-------- DATA SECTION --------

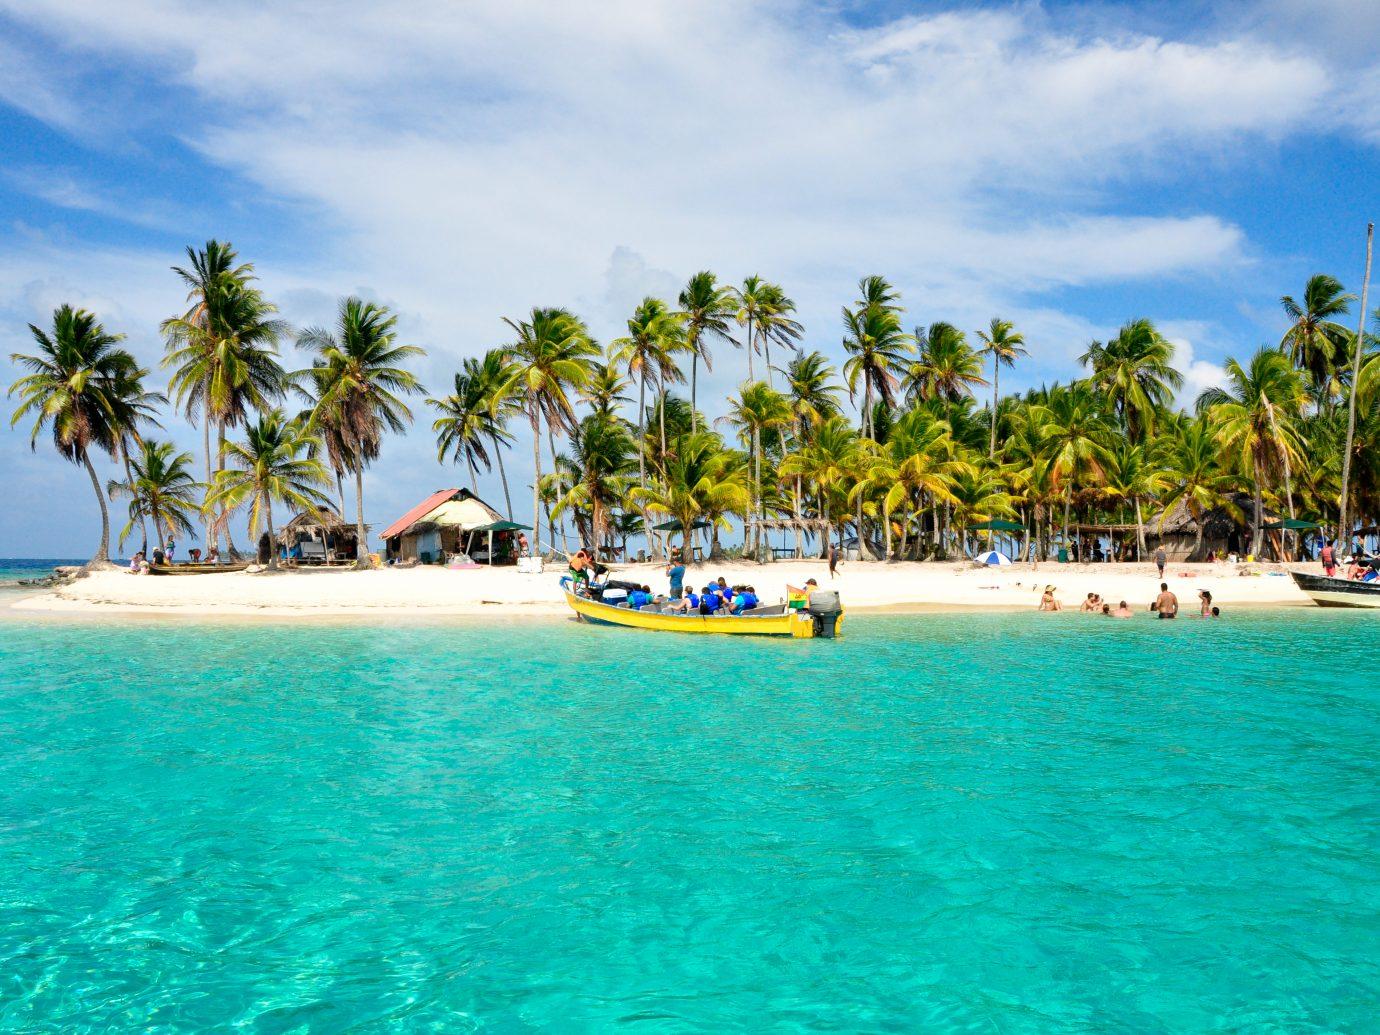 Arraving at a caribbean tropical Island, San Blas, Panama
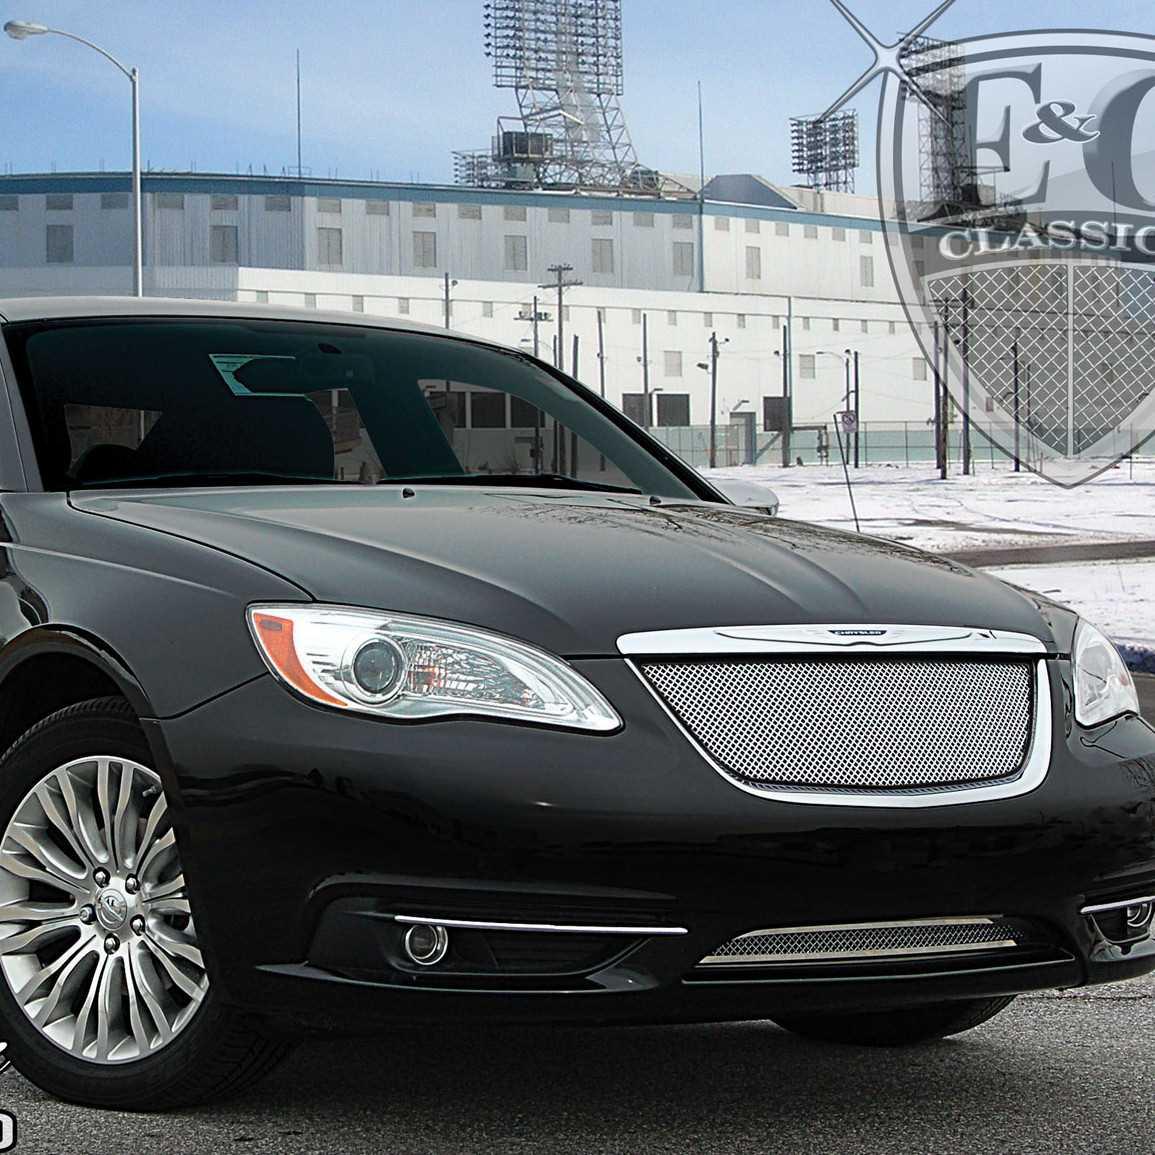 E&G Classics 2011-2014 Chrysler 200 Grille 2Pc Fine Mesh
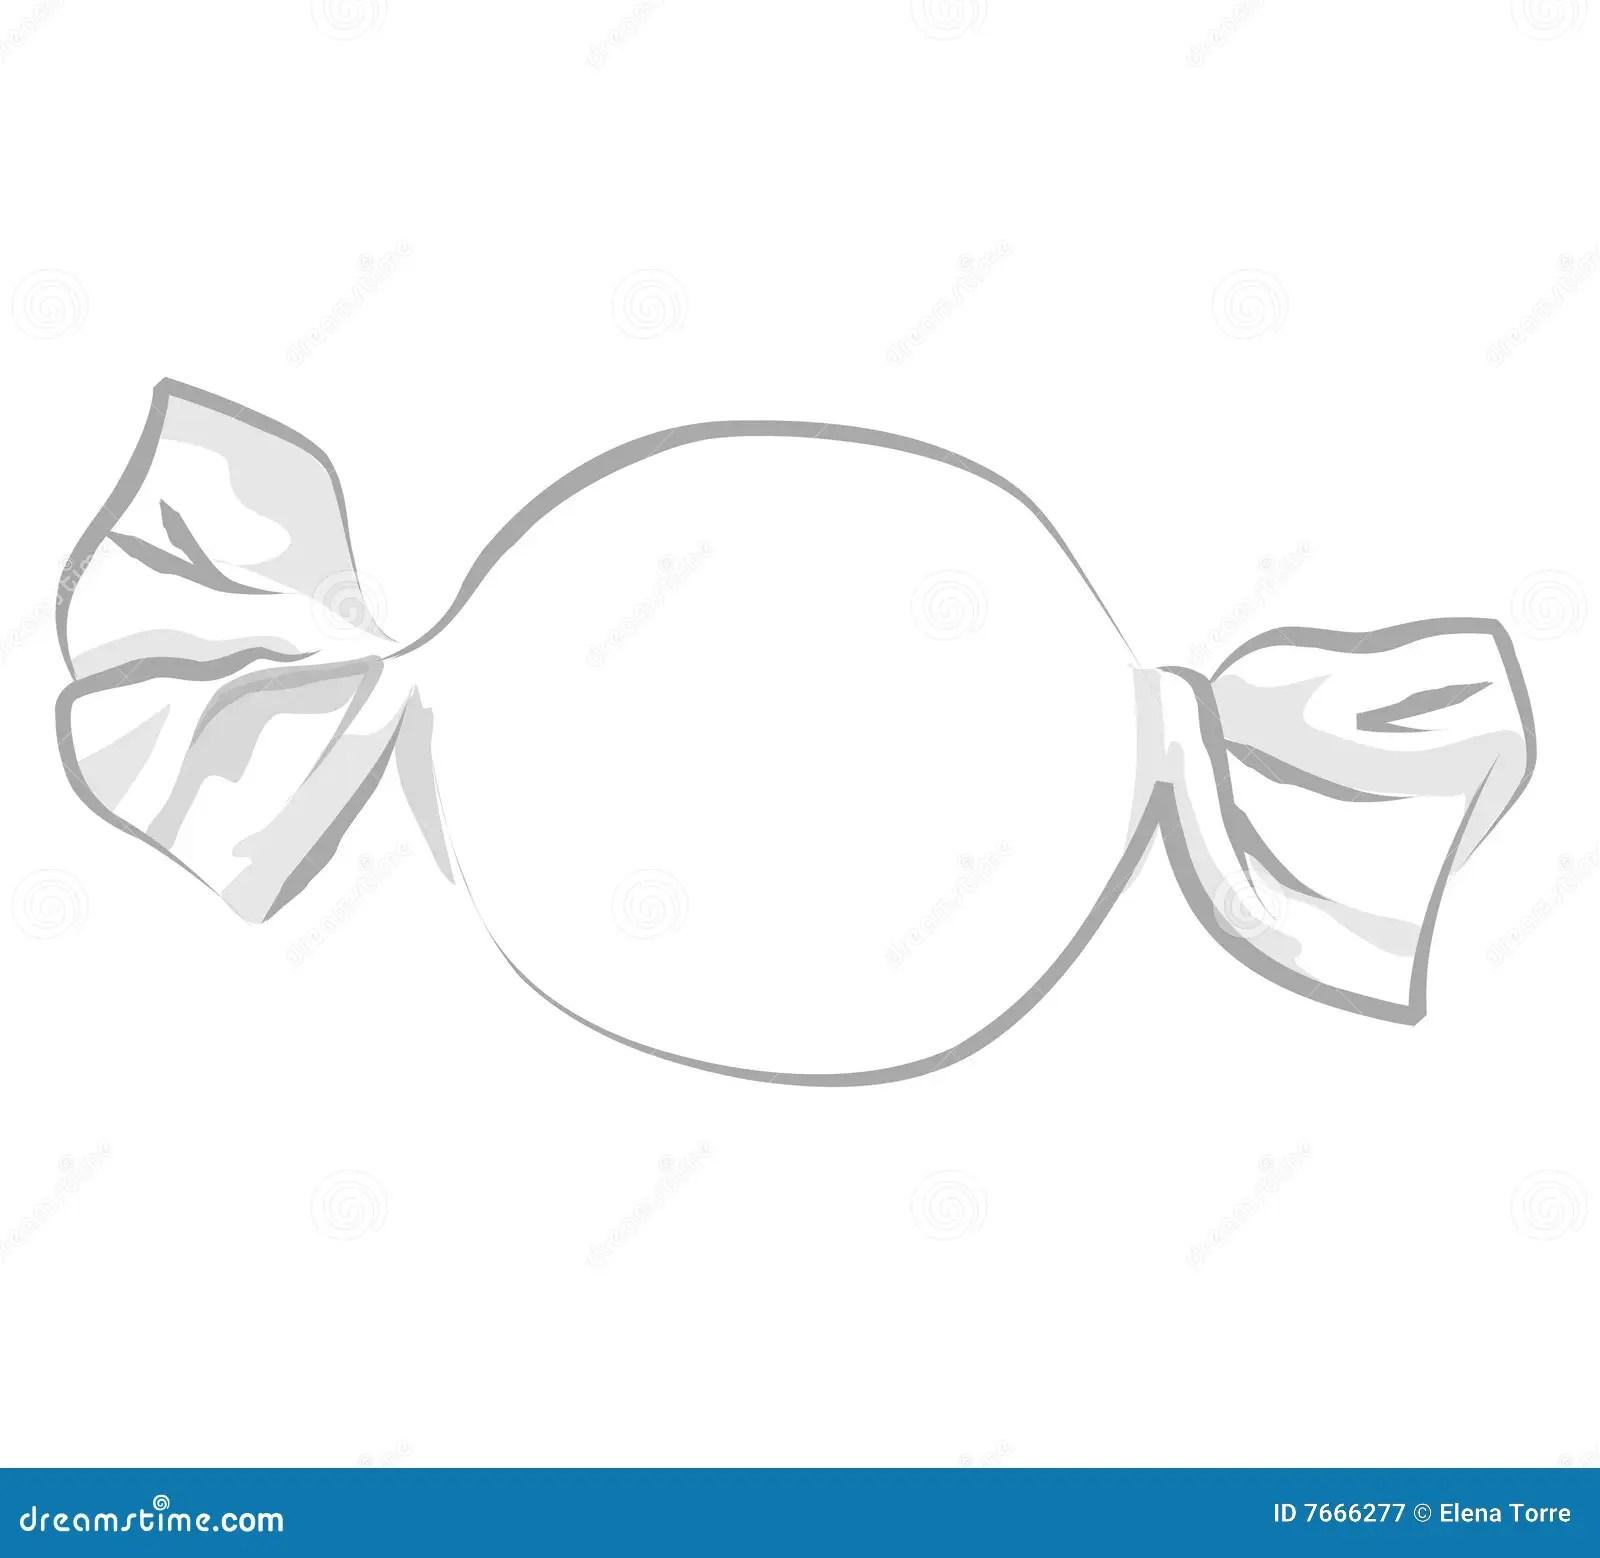 Junk Clip Art Black And White

--------

> [YOUR OBJECTIVE]
Extract, word for word, each line from the one that contains "E&G Classics 2011-2014" through the final line of the data above. Leave the pictures out.

> [EXERCISE RESPONSE]
 E&G Classics 2011-2014 Chrysler 200 Grille 2Pc Fine Mesh
 Junk Clip Art Black And White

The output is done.